In [3]:
import torch
import torchtext
from torch.utils.data import DataLoader
from torchtext.data import get_tokenizer
from torchtext.vocab import build_vocab_from_iterator
from torch import nn
from torch.nn import functional as F
import warnings

In [4]:
warnings.filterwarnings("ignore")

# Text Preprocecssing

In [5]:
#reading the data with file handlers
reviewfile = open('reviews.txt', 'r')
reviews = list(map(lambda x:x[:-1], reviewfile.readlines()))

labelfile = open('labels.txt', 'r')
label = list(map(lambda x:x[:-1], labelfile.readlines()))

label = [i.replace('negative\\', '0') for i in label]
label = [i.replace('positive\\', '1') for i in label]

In [30]:
#converting all of the labels into integer values
labels = []
for i in label:
    integer = int(i)
    labels.append(integer)

In [31]:
#tokenizing and indicising the data
train_data, test_data = reviews[:8000], reviews[8000:11000]
train_labels, test_labels = labels[:8000], labels[8000:11000]

tokenizer = get_tokenizer("basic_english")

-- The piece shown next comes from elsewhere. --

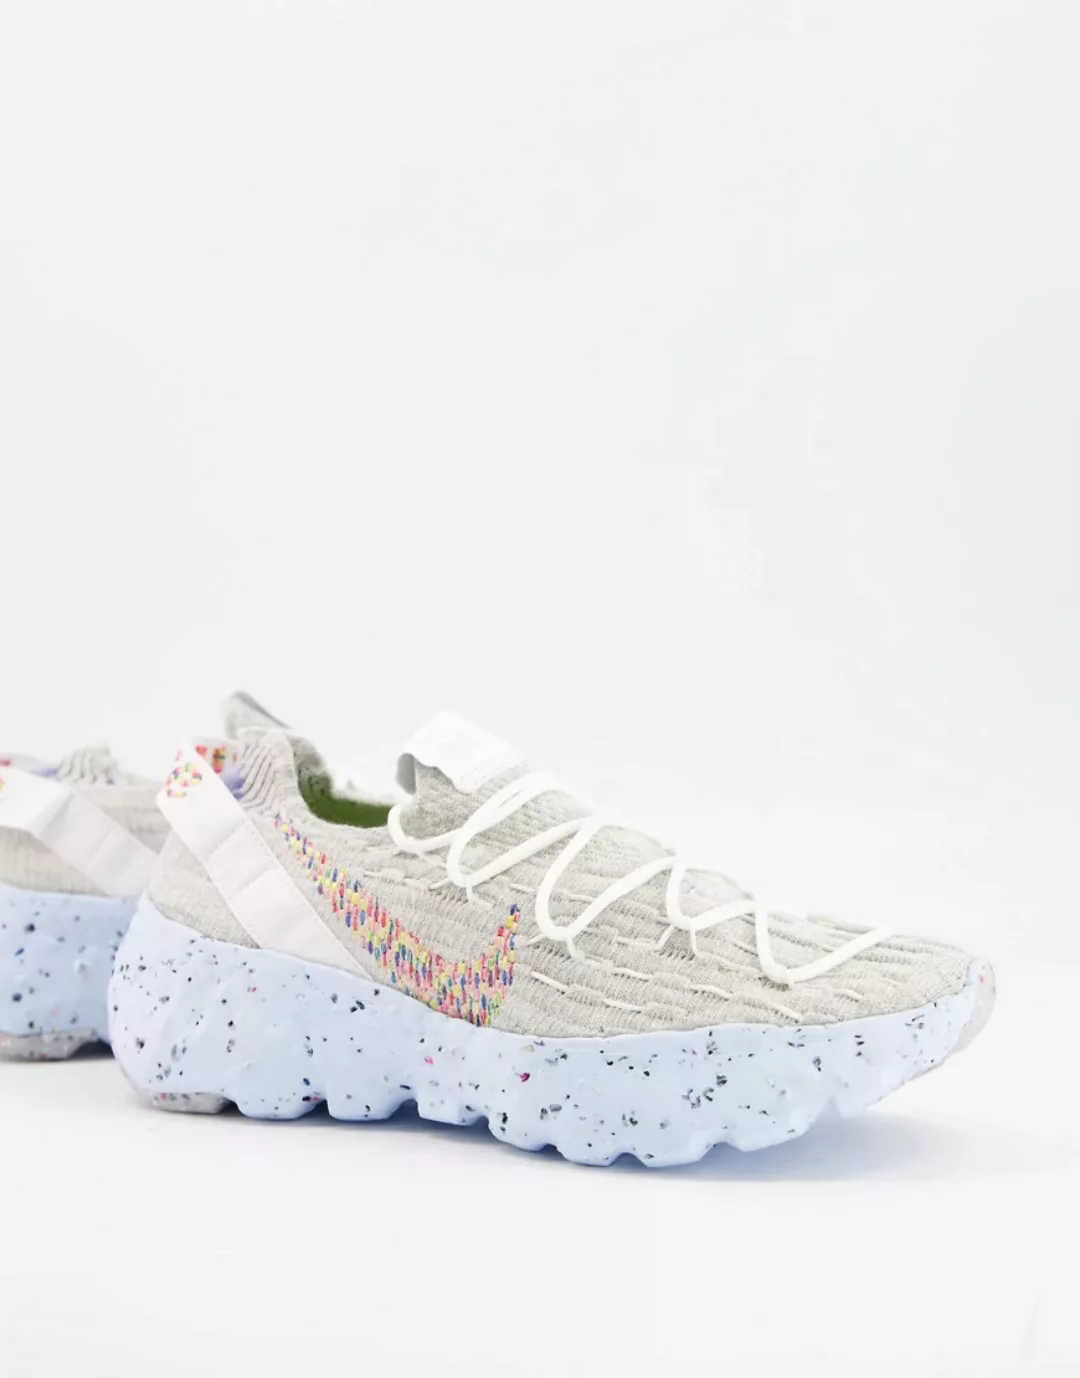 Nike – Space Hippie 04 Move to Zero – Sneaker in Summit-Weiß-Grau günstig online kaufen

def build_vocabulary(datasets):
    for dataset in datasets:
        for text in dataset:
            yield tokenizer(text)

vocab = build_vocab_from_iterator(build_vocabulary([train_data, test_data]), min_freq=2, specials=["<UNK>"])

vocab.set_default_index(vocab["<UNK>"])

In [16]:
#the length of the total vocabulary is
len(vocab)

32322

In [32]:
class dataset:
    def __init__(self, indicies_list, labels_list):
        self.indices = indicies_list
        self.labels = labels_list
        
        
    def __len__(self):
        return len(self.indices)
    

    
    def __getitem__(self, idx):
        return self.labels[idx], self.indices[idx]

In [33]:
train_set = dataset(train_data, train_labels)
test_set = dataset(train_data, train_labels)

In [40]:
target_classes = ['positive', 'negative']
max_words = 25

#zero_padding the indicized sentences and loading them
def vectorize_batch(batch):
    Y, X = list(zip(*batch))
    X = [vocab(tokenizer(text)) for text in X]
    X = [tokens+([0]* (max_words-len(tokens))) if len(tokens)<max_words else tokens[:max_words] for tokens in X] ## Bringing all samples to max_words length.

    return torch.tensor(X, dtype=torch.int32), torch.tensor(Y) ## We have deducted 1 from target names to get them in range [0,1,2,3] from [1,2,3,4]


#creating a dataloader with 1024 btch size and also using the collate_fn
train_loader = DataLoader(train_set, batch_size=25, collate_fn=vectorize_batch, shuffle=True)
test_loader  = DataLoader(test_set , batch_size=25, collate_fn=vectorize_batch)


# RNN Classification

In [47]:
embed_len = 100
hidden_dim = 50
n_layers=1

#developing the model architechture
class RNNClassifier(nn.Module):
    def __init__(self):
        super(RNNClassifier, self).__init__()
        self.embedding_layer = nn.Embedding(num_embeddings=len(vocab), embedding_dim=embed_len)
        self.rnn = nn.RNN(input_size=embed_len, hidden_size=hidden_dim)
        self.linear = nn.Linear(hidden_dim, len(target_classes))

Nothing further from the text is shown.